[Items from a dataset]

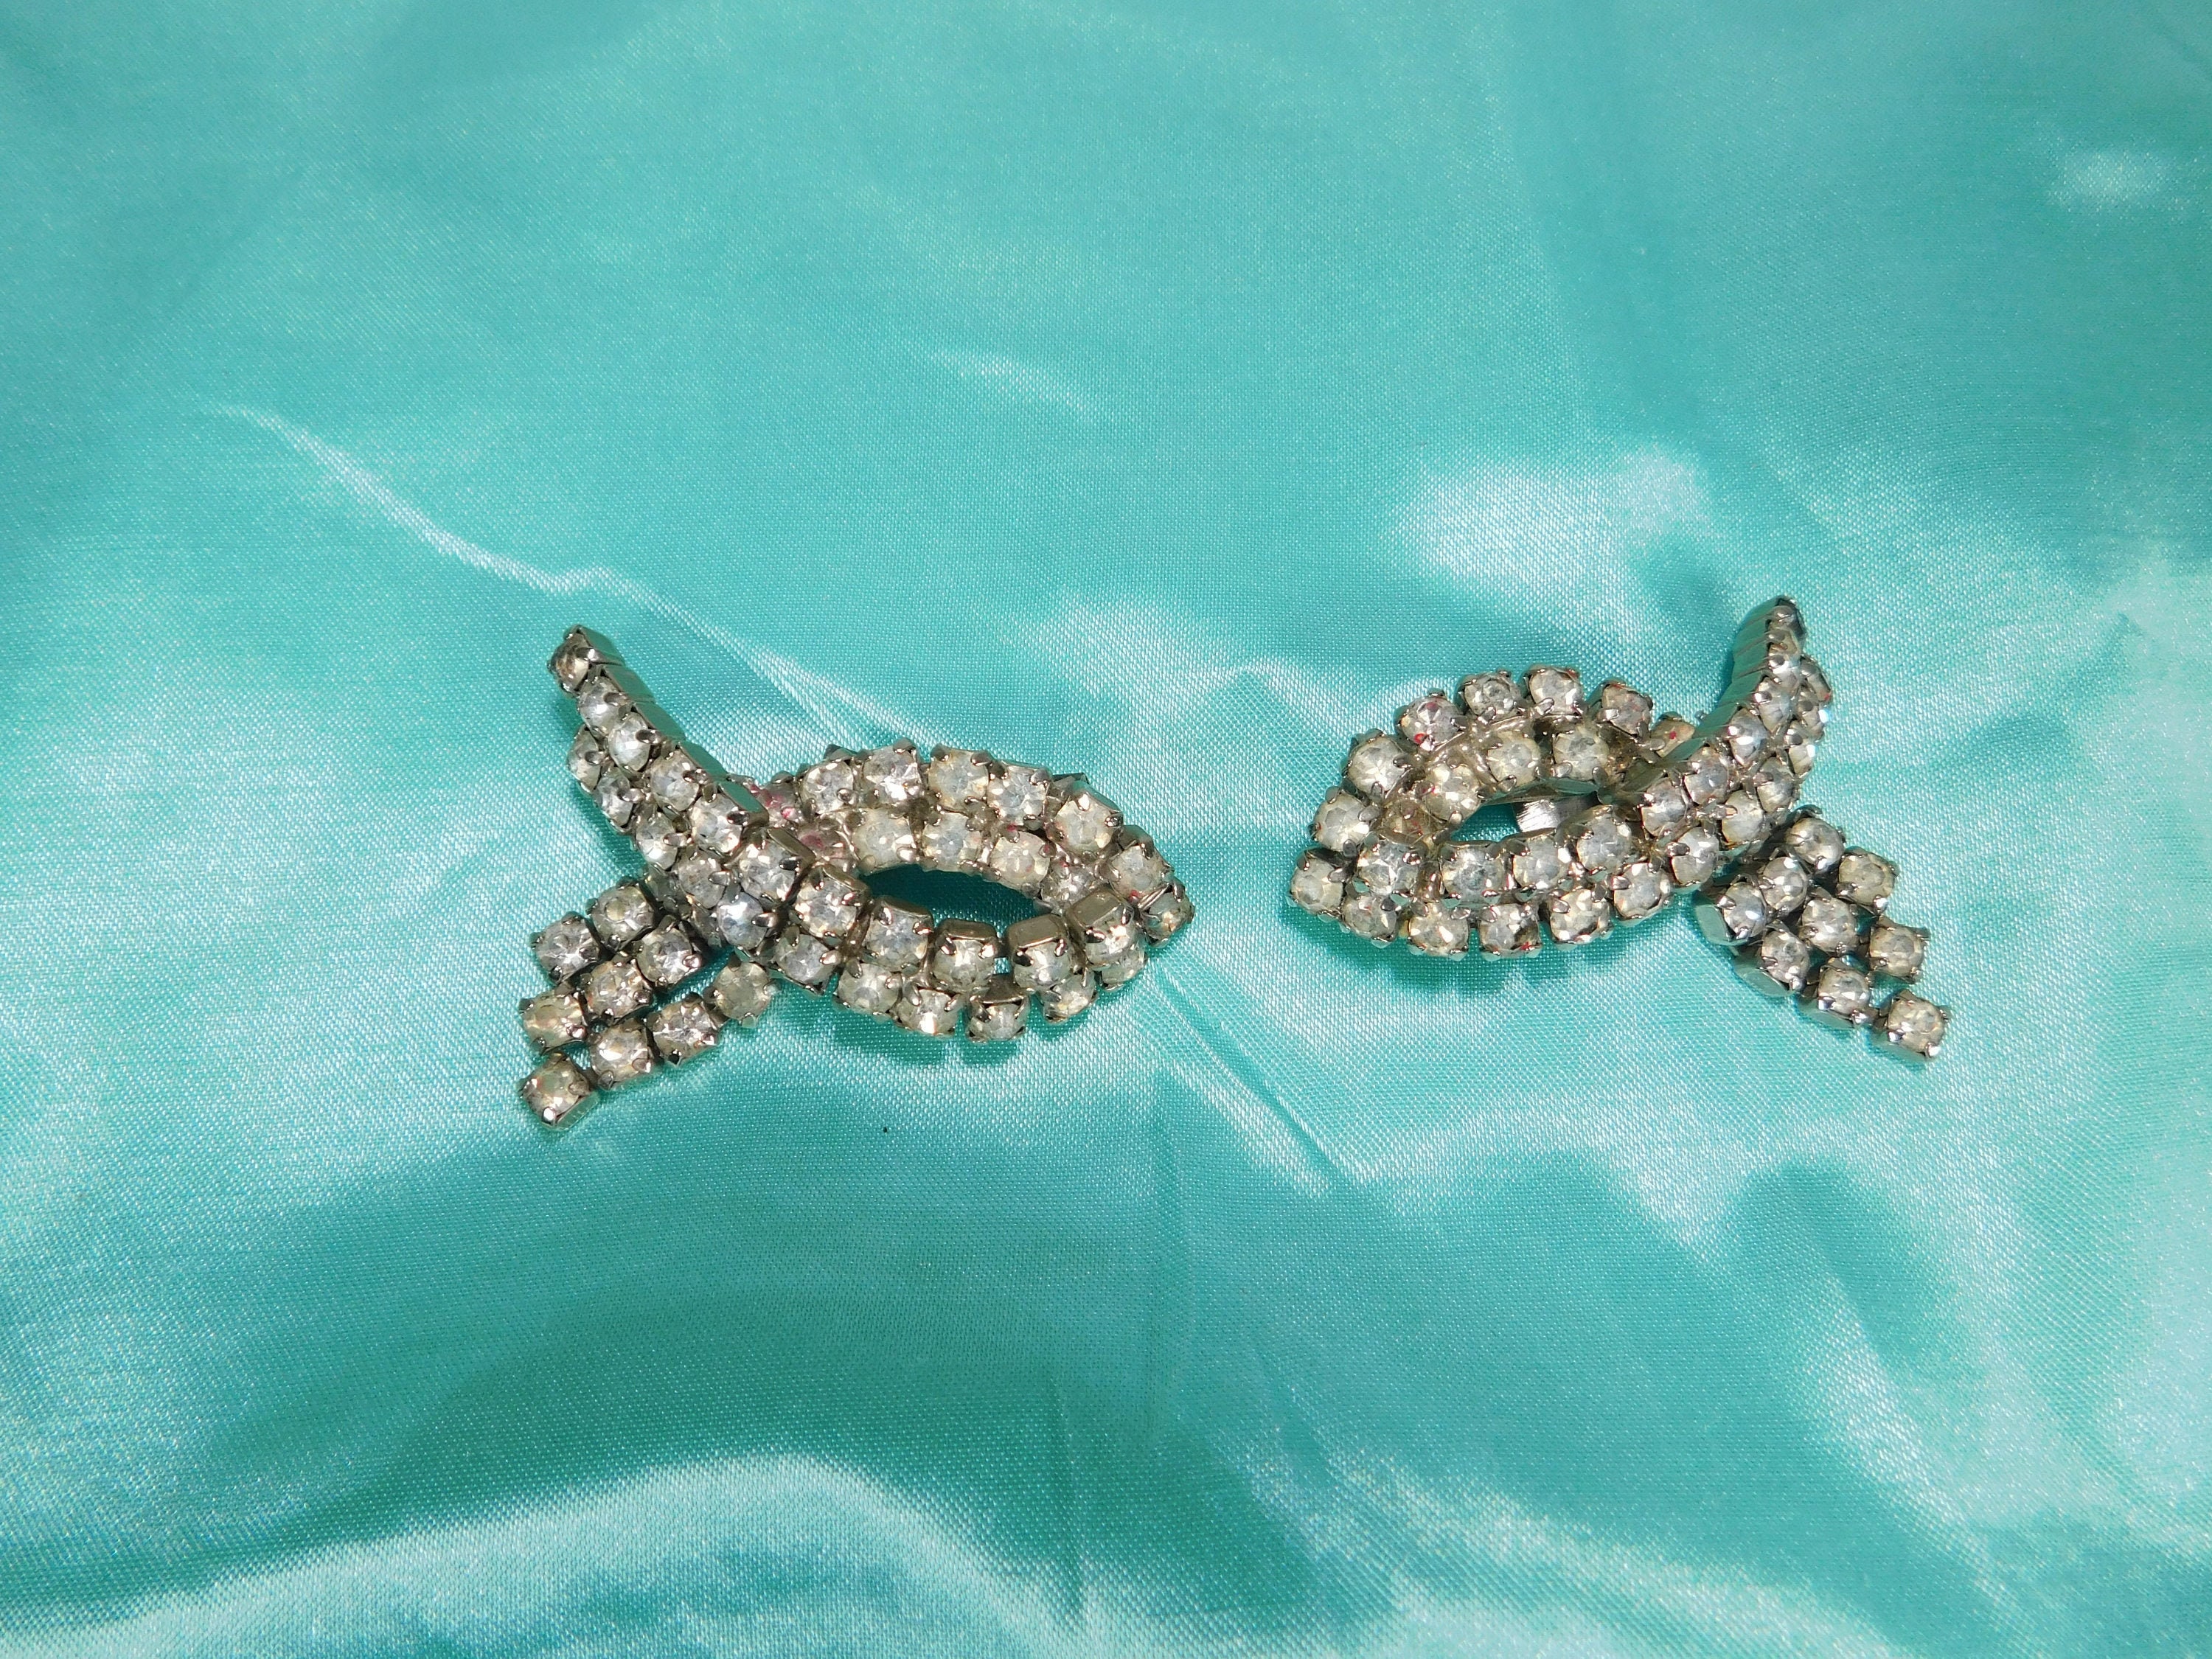 Vintage Rhinestone Shoe Clips by Musi – The Jewelry Lady's Store
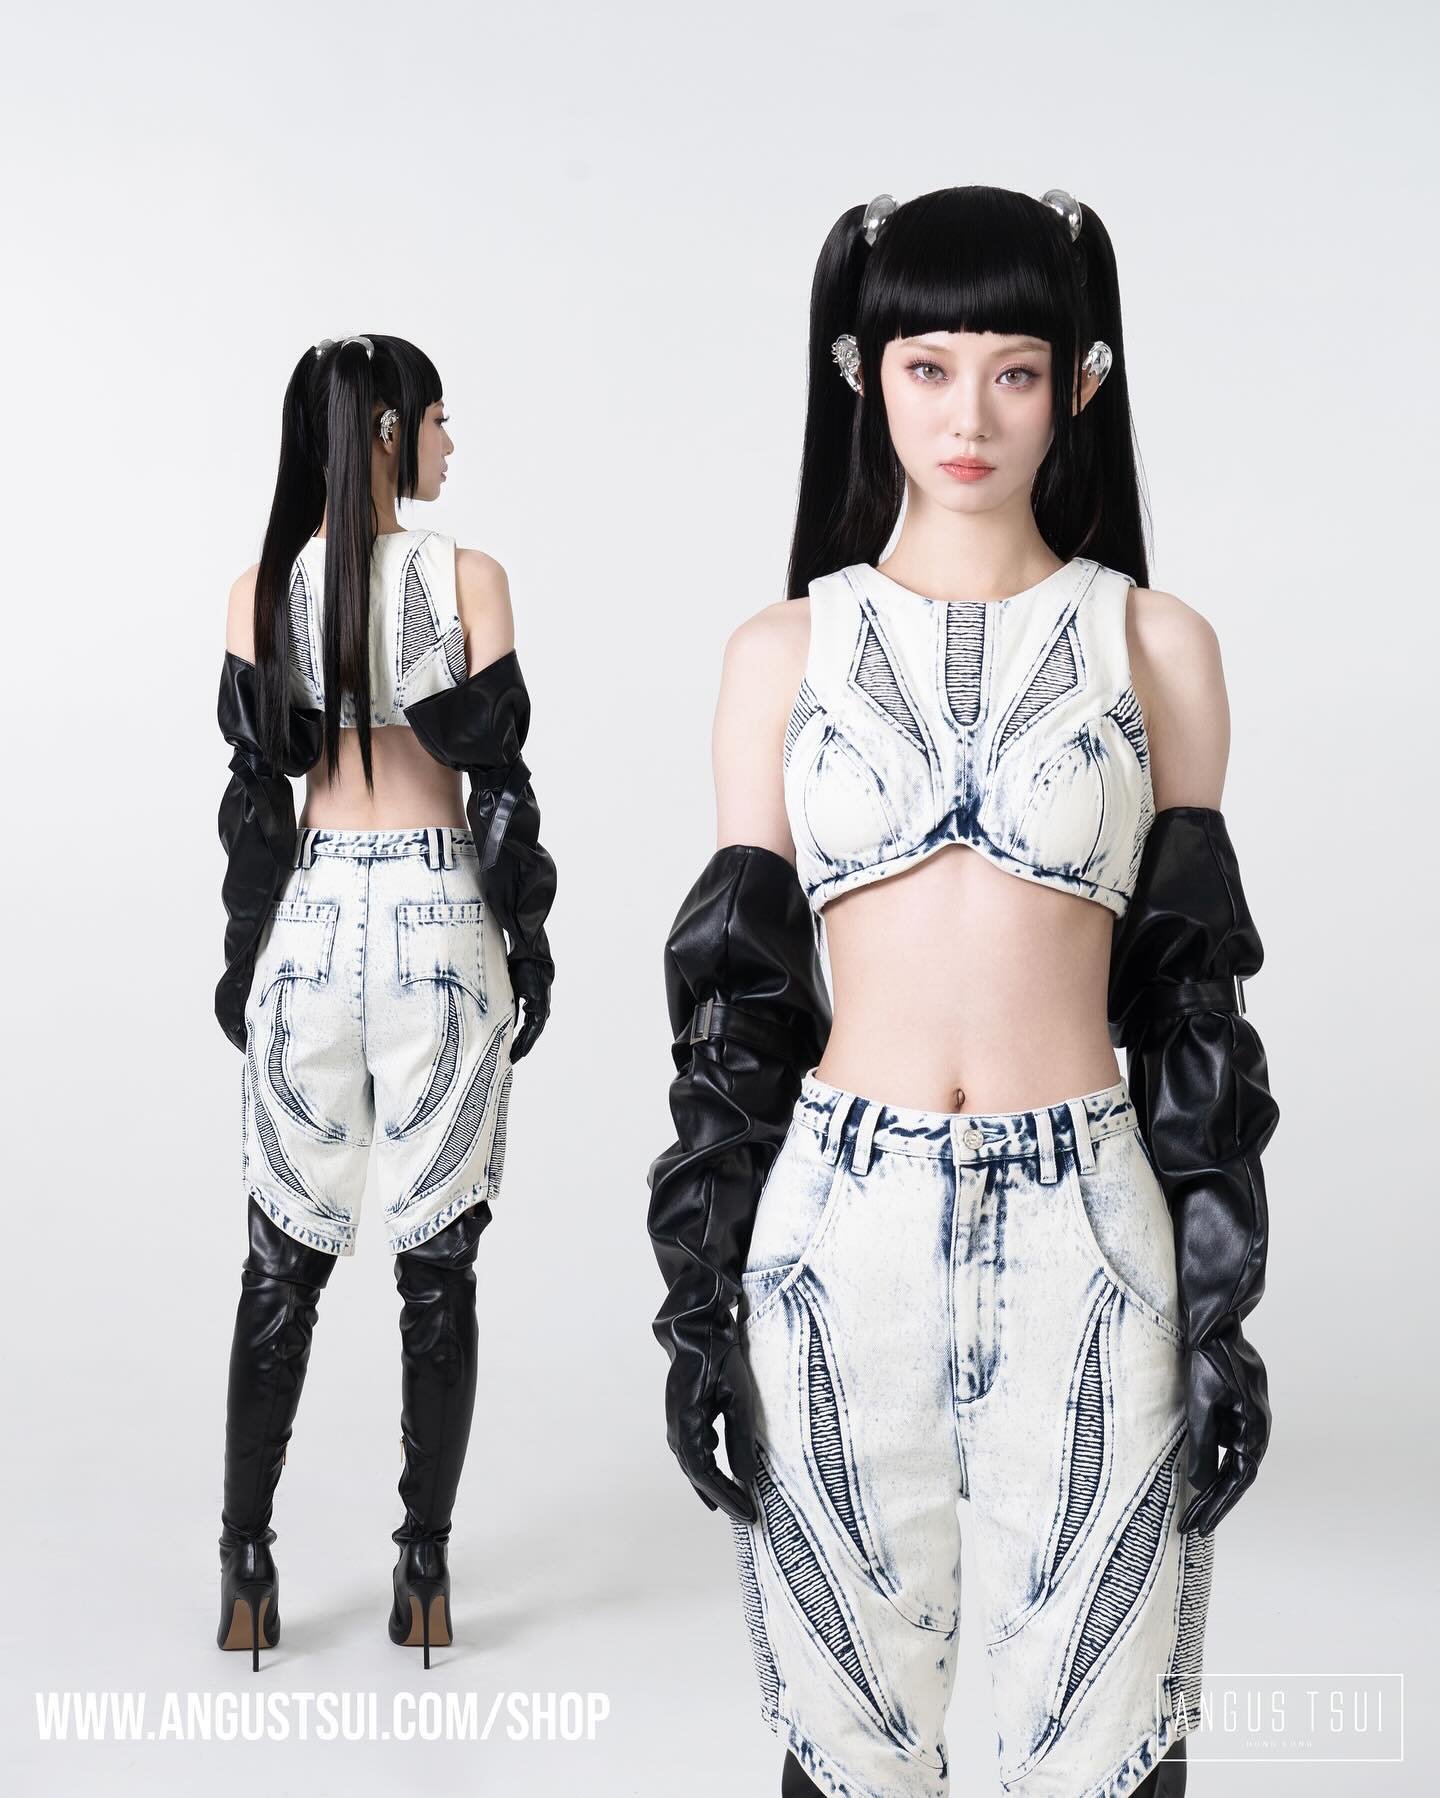 XenoFuturist SS24 - Outerspace Bustier🛸

More on ANGUSTSUI.COM/SHOP . Link in bio
#ANGUSTSUI #XenoFuturist
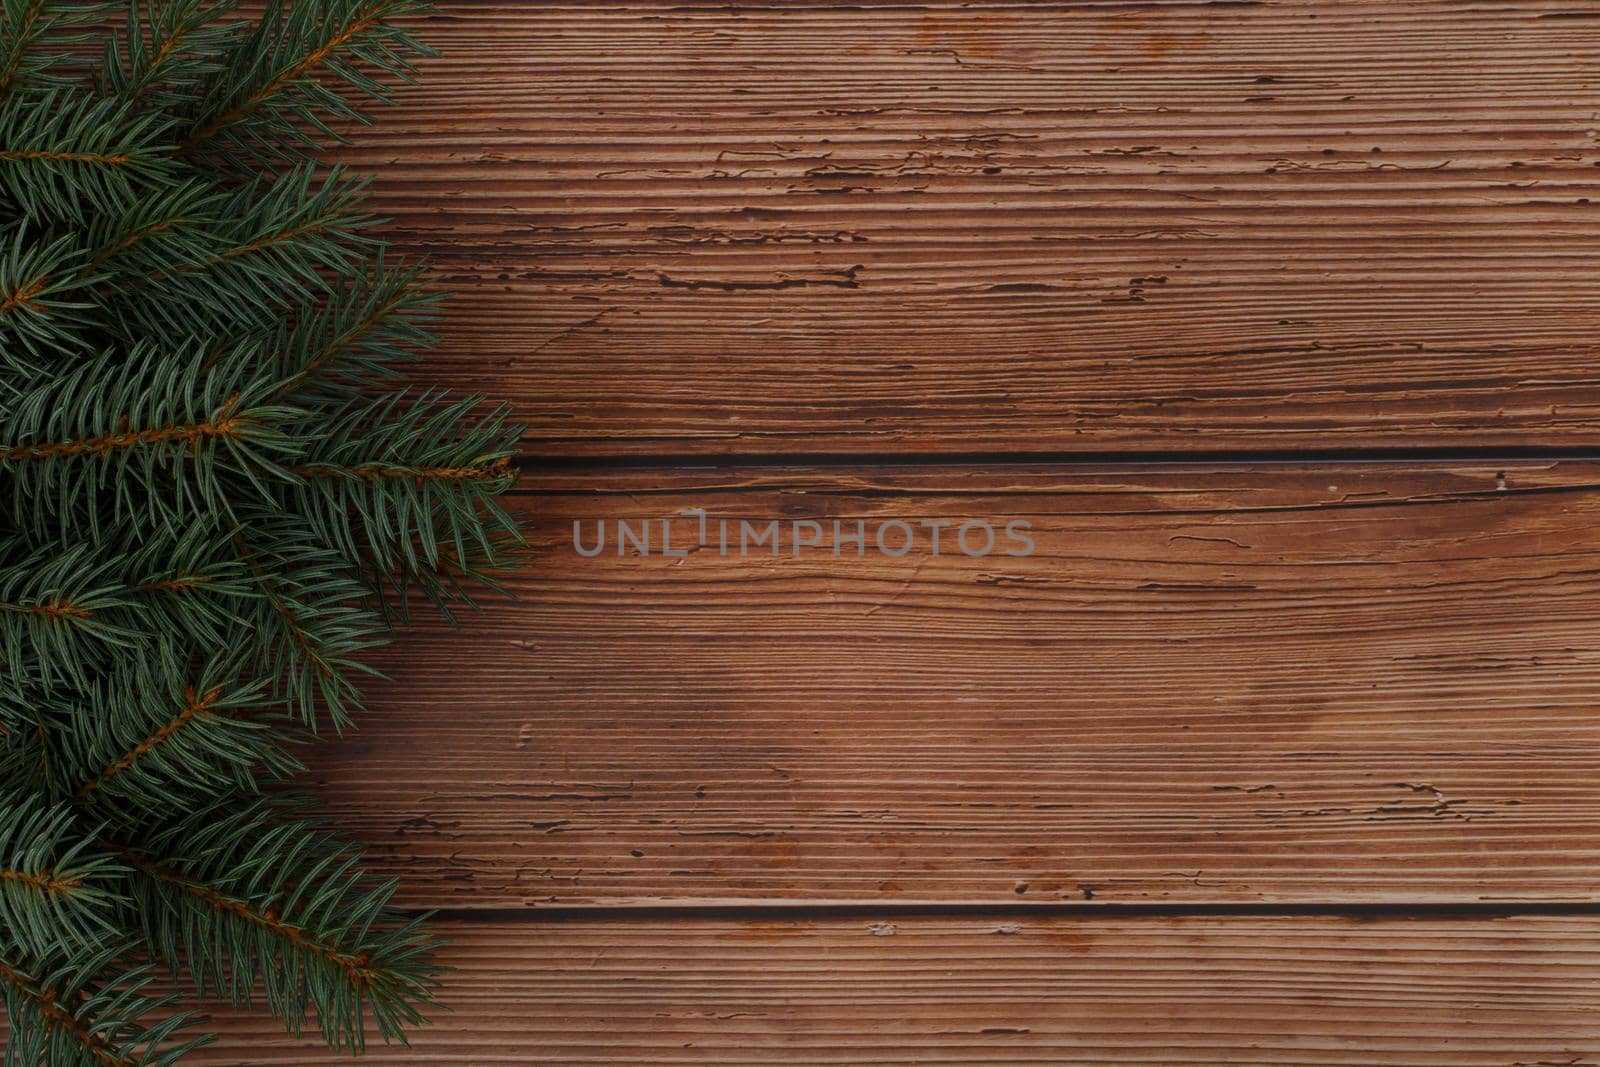 Dark brown wooden table with Christmas tree at the left side and space for text. The concept of New Year, Christmas and winter holidays. Horizontal photo, studio shot, no people

=== AIM OF THE EXERCISE ===
Give the data above again in full and unchanged, skipping the pictures.

=== RESPONSE TO THIS EXERCISE ===
 Vintage Rhinestone Shoe Clips by Musi – The Jewelry Lady's Store
 XenoFuturist SS24 - Outerspace Bustier🛸

More on ANGUSTSUI.COM/SHOP . Link in bio
#ANGUSTSUI #XenoFuturist
 Dark brown wooden table with Christmas tree at the left side and space for text. The concept of New Year, Christmas and winter holidays. Horizontal photo, studio shot, no people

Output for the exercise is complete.